Before coming to the country, she read a company brochure on the street urchins. She memorized how the experts said to deal with them. Still that first day, as she walked into the airport and was surrounded by dozens of children with distended stomachs, her heart shouted. She gave away all of her change, three or four dollars, at least--exactly what the brochure said that she wasn’t supposed to do. Of course, a huge crowd of them gathered and there wasn't enough. One of the boys -- who she had just given money to -- grabbed her purse and tried to jerk it out of her hands. She was close to hysterical by the time her driver started pushing them away.

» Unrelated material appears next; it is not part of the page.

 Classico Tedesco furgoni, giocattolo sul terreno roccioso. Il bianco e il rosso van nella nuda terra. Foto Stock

Everything exploded . . . then he was waking up crying. Julio was on top of him. His face was torn up, bloody and scary like a monster in a movie. He tried to crawl away. It hurt too much. He turned his head away. Two people passing the alley looked down, saw him and moved past quick. Then he saw the angel and was up and running. She would take him to his mother. Like the priest said at the funeral.
He remembers that he should pray for forgiveness of his sins and he does.

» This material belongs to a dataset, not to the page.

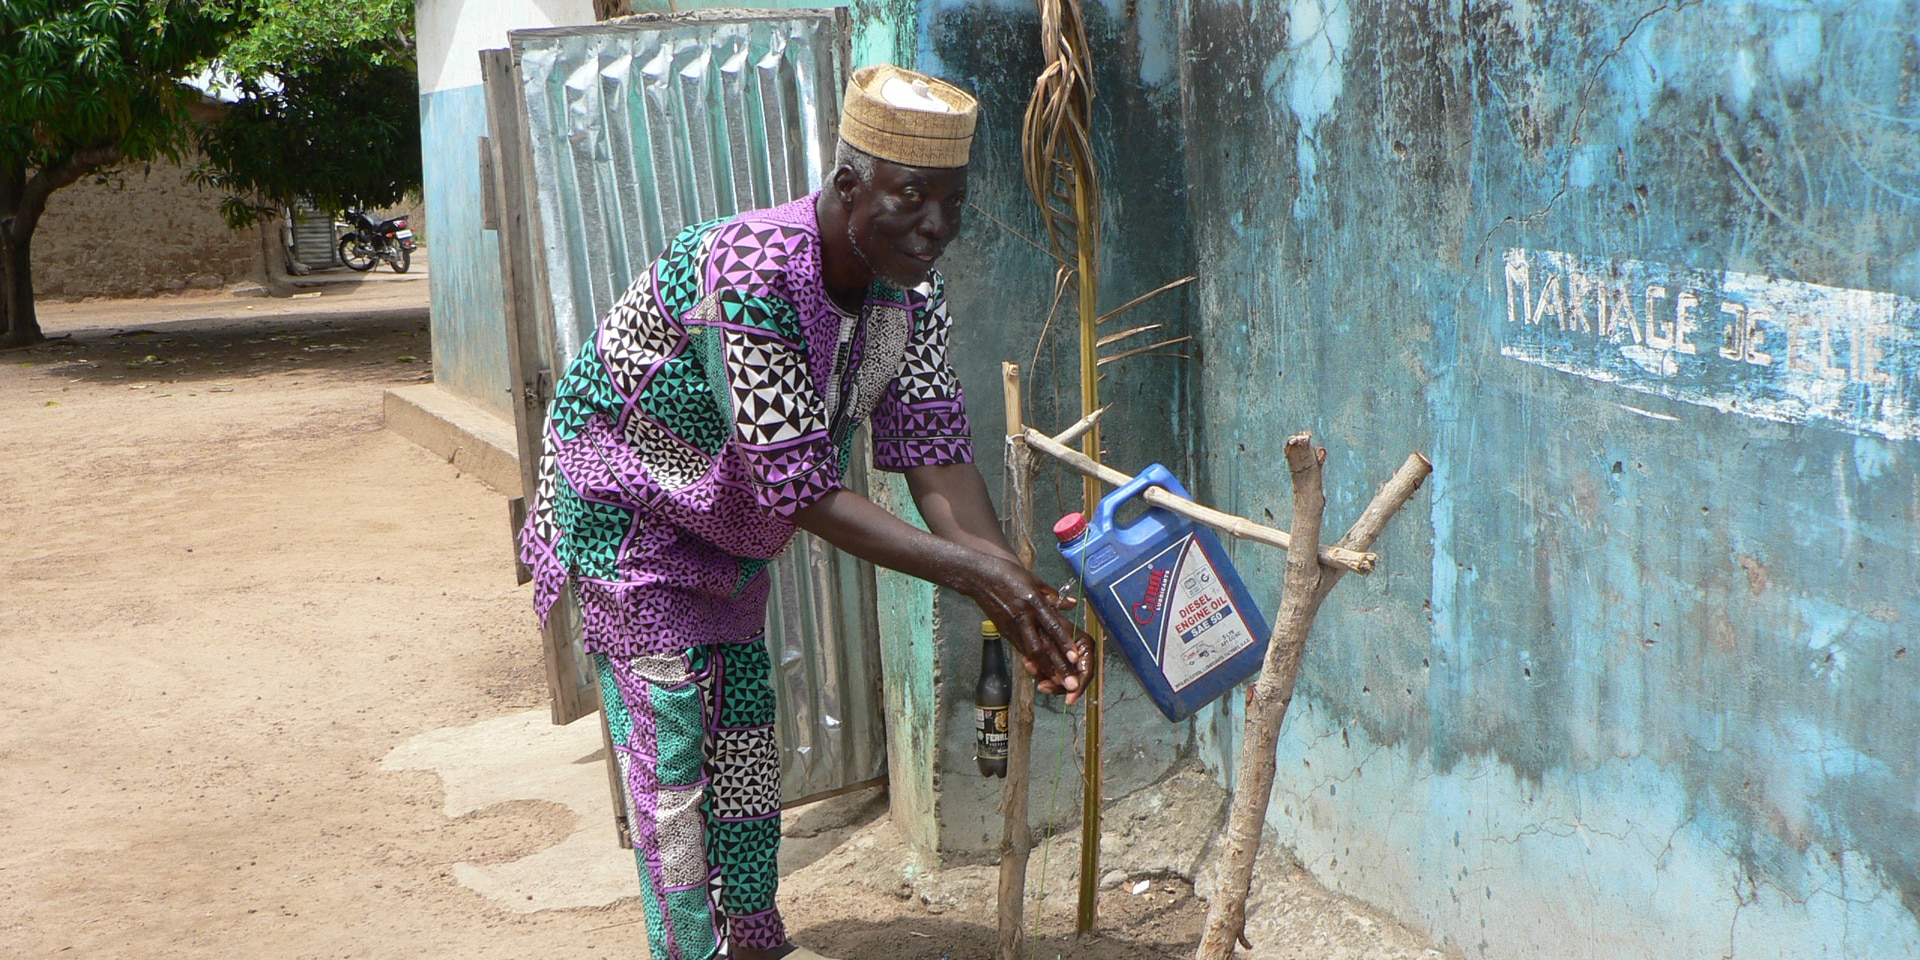 Au Bénin, un homme se tient devant une hutte et utilise une installation sanitaire improvisée pour se laver soigneusement les mains.

She steps out of the limo with her eyes on the flowers, then turns toward the sound of yelling. The boy is running straight at her. She takes hold of her purse with both hands, looks back at the car and sees Johnny getting out.
His fingers near her face. Someone grabs him around the waist and jerks him up into the sky.
A soldier raises a muscle-cut forearm over the boy’s impossibly thin neck and then slams his fist down hard. She hears the bones in his neck crack. Her stomach convulses. Yellow bile explodes from her lips, splatters over her breasts and flows down her white satin costume.